References: Nierneberg, C. (2014). Prenatal Genetic Screening Tests: Benefits & Risks. Retrieved February 24, 2016, from http://www.livescience.com/45949-prenatal-genetic-testing.html
Sidhu, J. (n.d.). Women Are Paying Huge Sums To Have a Daughter Rather Than a Son. Retrieved February 24, 2016, from http://www.slate.com/articles/health_and_science/medical_examiner/2012/09/sex_selection_in_babies_through_pgd_americans_are_paying_to_have_daughters_rather_than_sons_.html
I wish I hadn’t known: The ups and downs of prenatal testing. (n.d.). Retrieved February 24, 2016, from http://www.pregnancyandbaby.com/pregnancy/articles/944203/i-wish-i-hadnt-known-the-ups-and-downs-of-prenatal-testing
Prenatal Diagnosis
The science behind prenatal diagnosis
Prenatal diagnosis is the screening or testing for genetic diseases or other conditions before a child is born. Although there are many different techniques and tests, I will focus on a few:
Preimplantation genetic diagnosis (PGD): During an IVF cycle, cells from the developing embryo can be genetically analyzed for chromosomal abnormalities - usually trisomy 21 (Down Syndrome), trisomy 13 and trisomy 18. The parents can then determine which embryos, if any, to transfer into the uterus. It is also possible to determine the sex of the embryo.

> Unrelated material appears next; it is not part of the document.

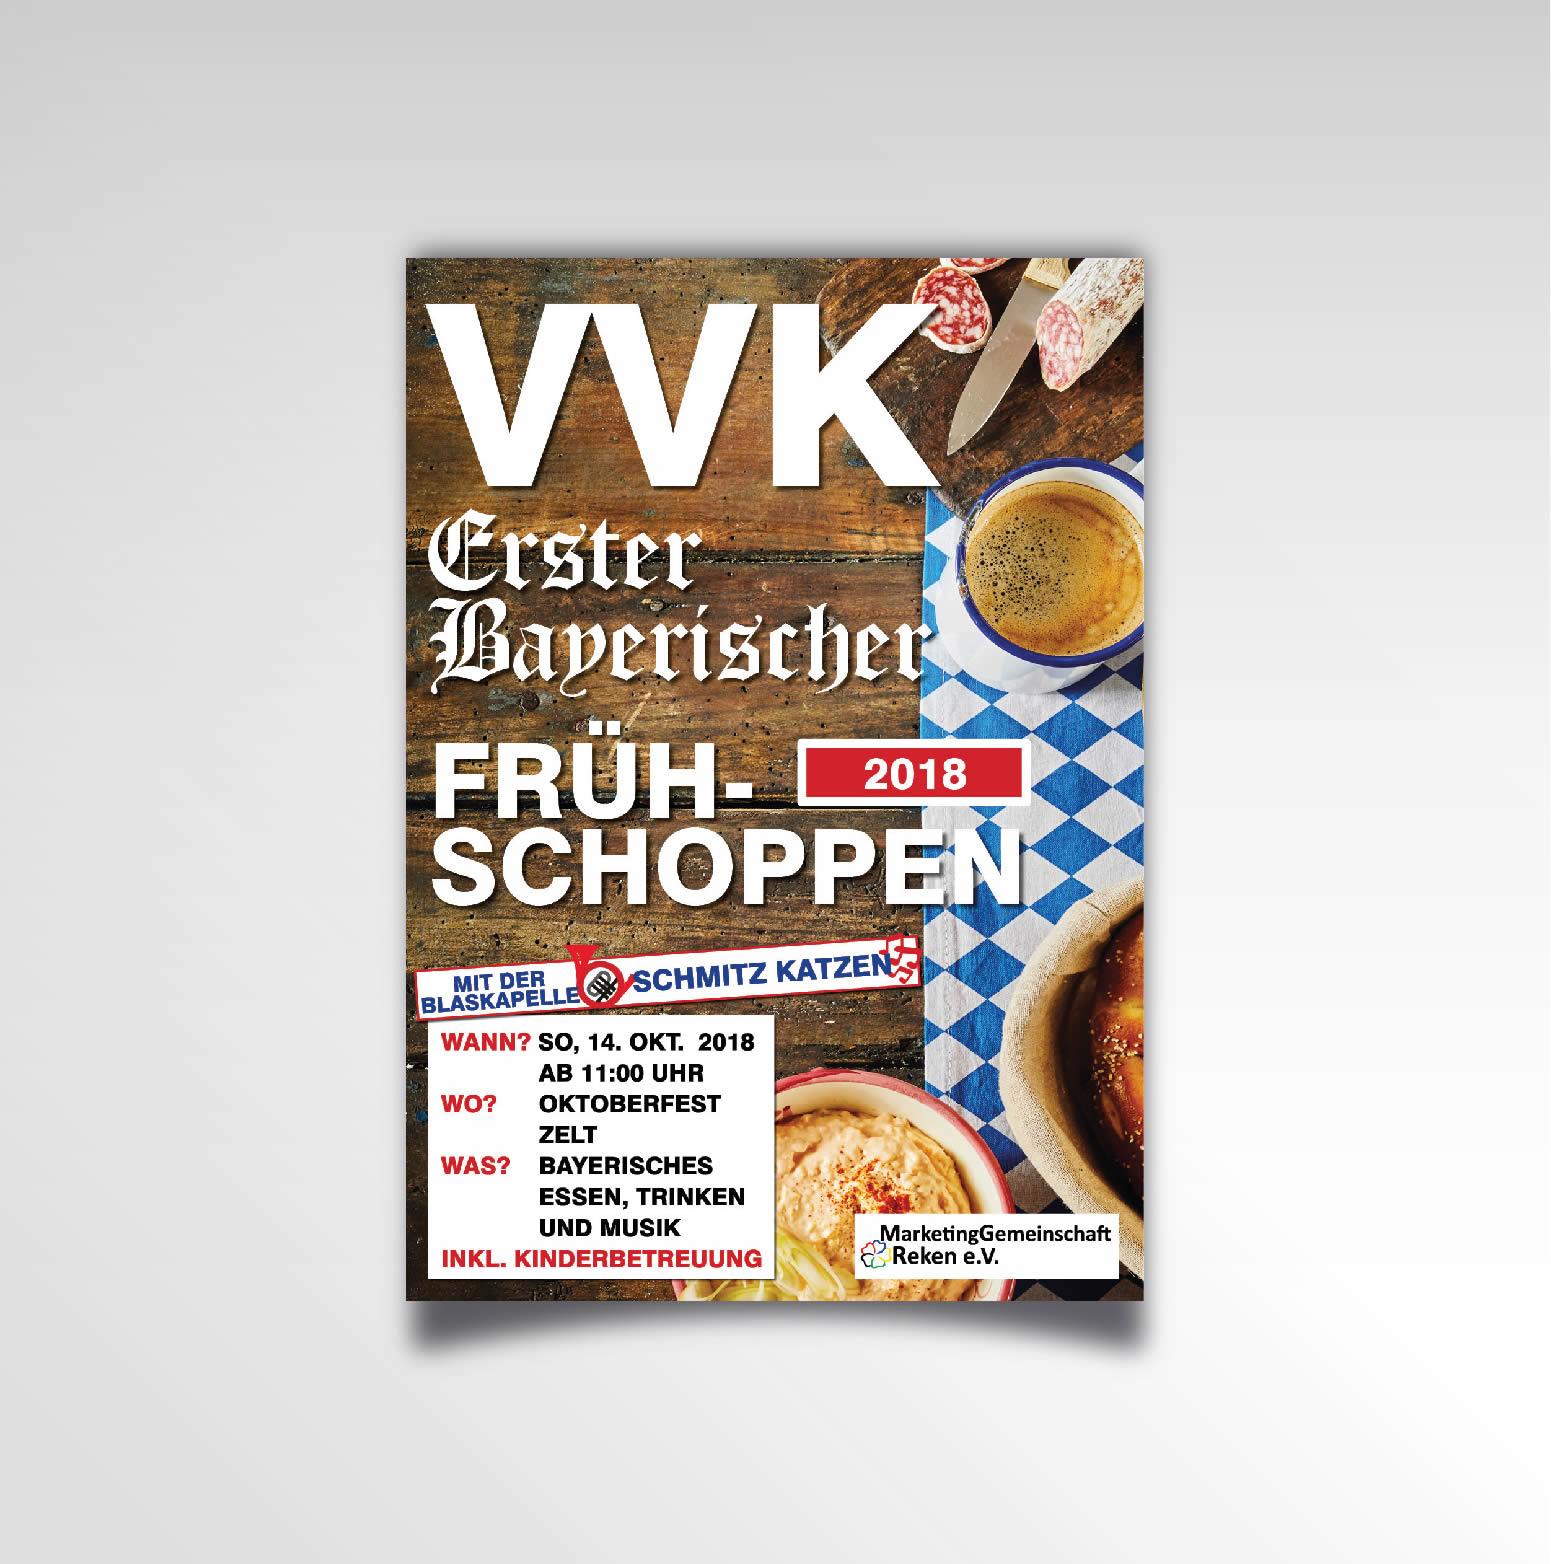 Marketinggemeinschaft Reken Frühschoppen VVK Poster Printprodukt Plakat

Ultrasound: An ultrasound uses sound waves to “look” at a fetus as it develops in the uterus. Since sound waves reflect off of tissues differently depending on the density of the tissue, the sonographer can create images of the fetus’ external and internal anatomy. Ultrasound can be used to measure an embryo or fetus in order to predict the due date, detect twins, diagnose heart and other growth defects, measure heart rate, look for signs associated with Down Syndrome, and determine the sex of the fetus.

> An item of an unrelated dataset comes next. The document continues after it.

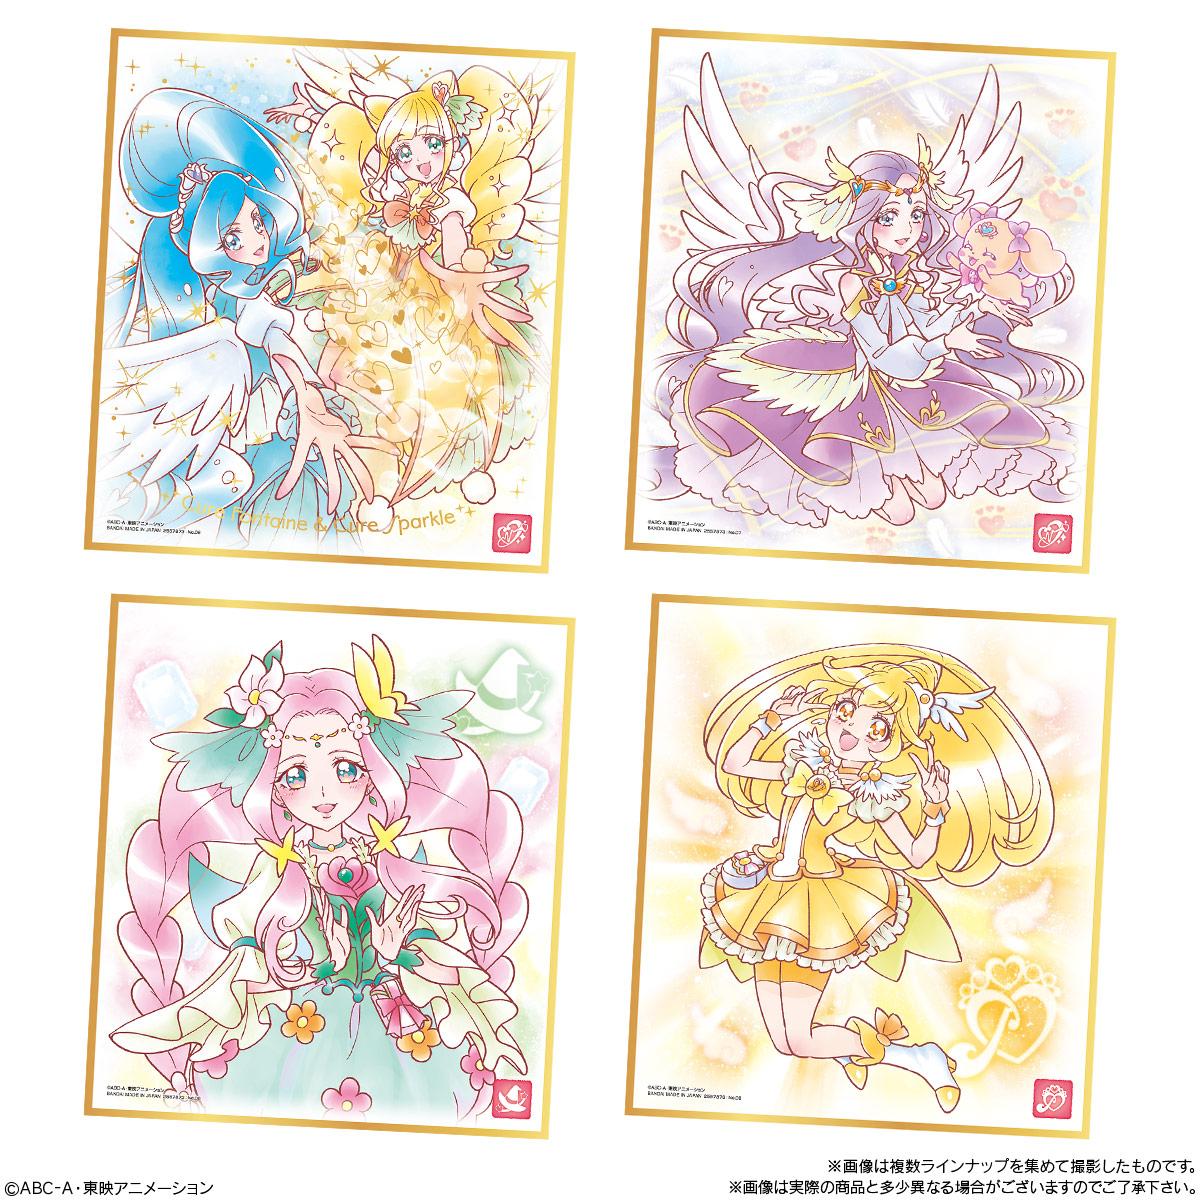 【食玩】プリキュア『プリキュア色紙ART4』10個入りBOX-004
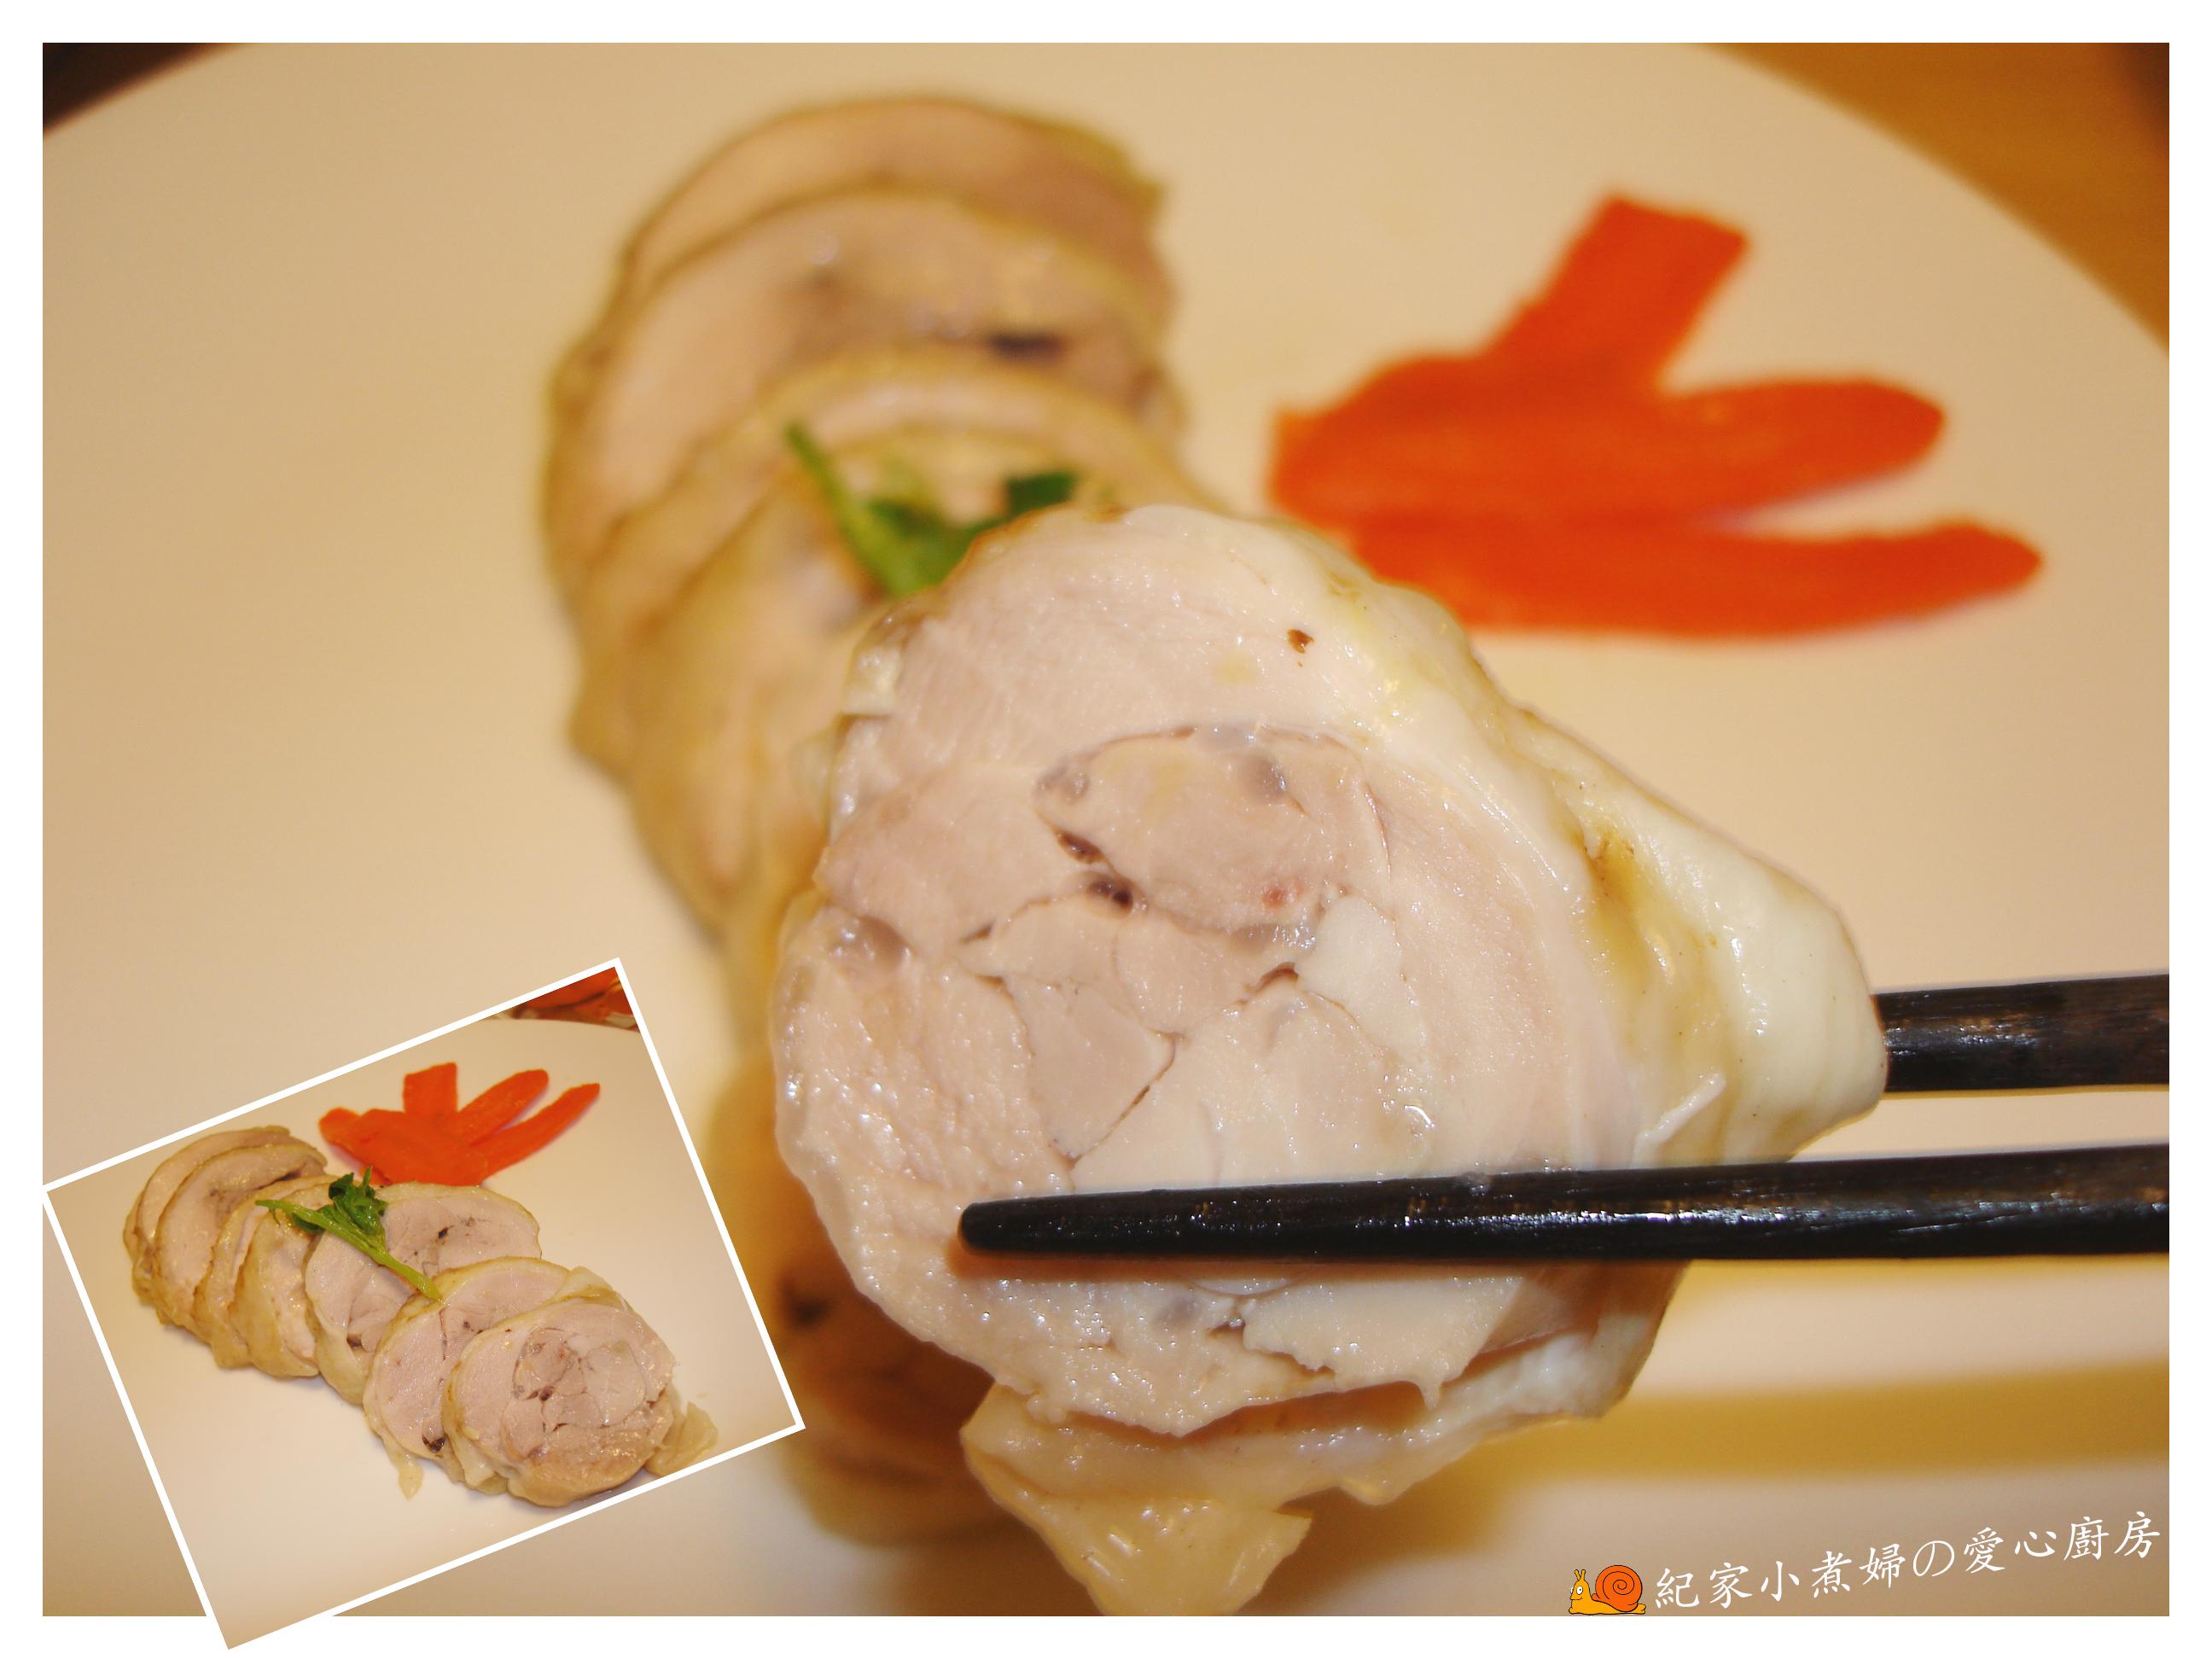 花椒雞+椒麻雞四個步驟完成

Chorionic villus sampling: The chorionic villi are a part of the placenta that arises directly from the embryo (as opposed to the mother). They are, therefore, genetically identical to the developing embryo. Chorionic villi can be removed from the placenta and genetically analyzed to detect Down Syndrome and other genetic disorders. CVS has a slight risk (.5-1%) of miscarriage, and can also lead to amniotic fluid leakage and/or infection.
Amniocentesis: A fetus develops in the amniotic sac, which is full of amniotic fluid. The amniotic fluid contains fetal cells that have naturally sloughed off. The doctor, using an ultrasound image as a guide, inserts a needle through the mother’s skin, abdominal wall, uterine wall, and into the amniotic sac, away from the fetus. Amniotic fluid is then collected, and the fetal cells contained in the fluid can be analyzed for genetic conditions such as Down Syndrome. Amniocentesis has similar risks as CVS, although CVS can be done earlier.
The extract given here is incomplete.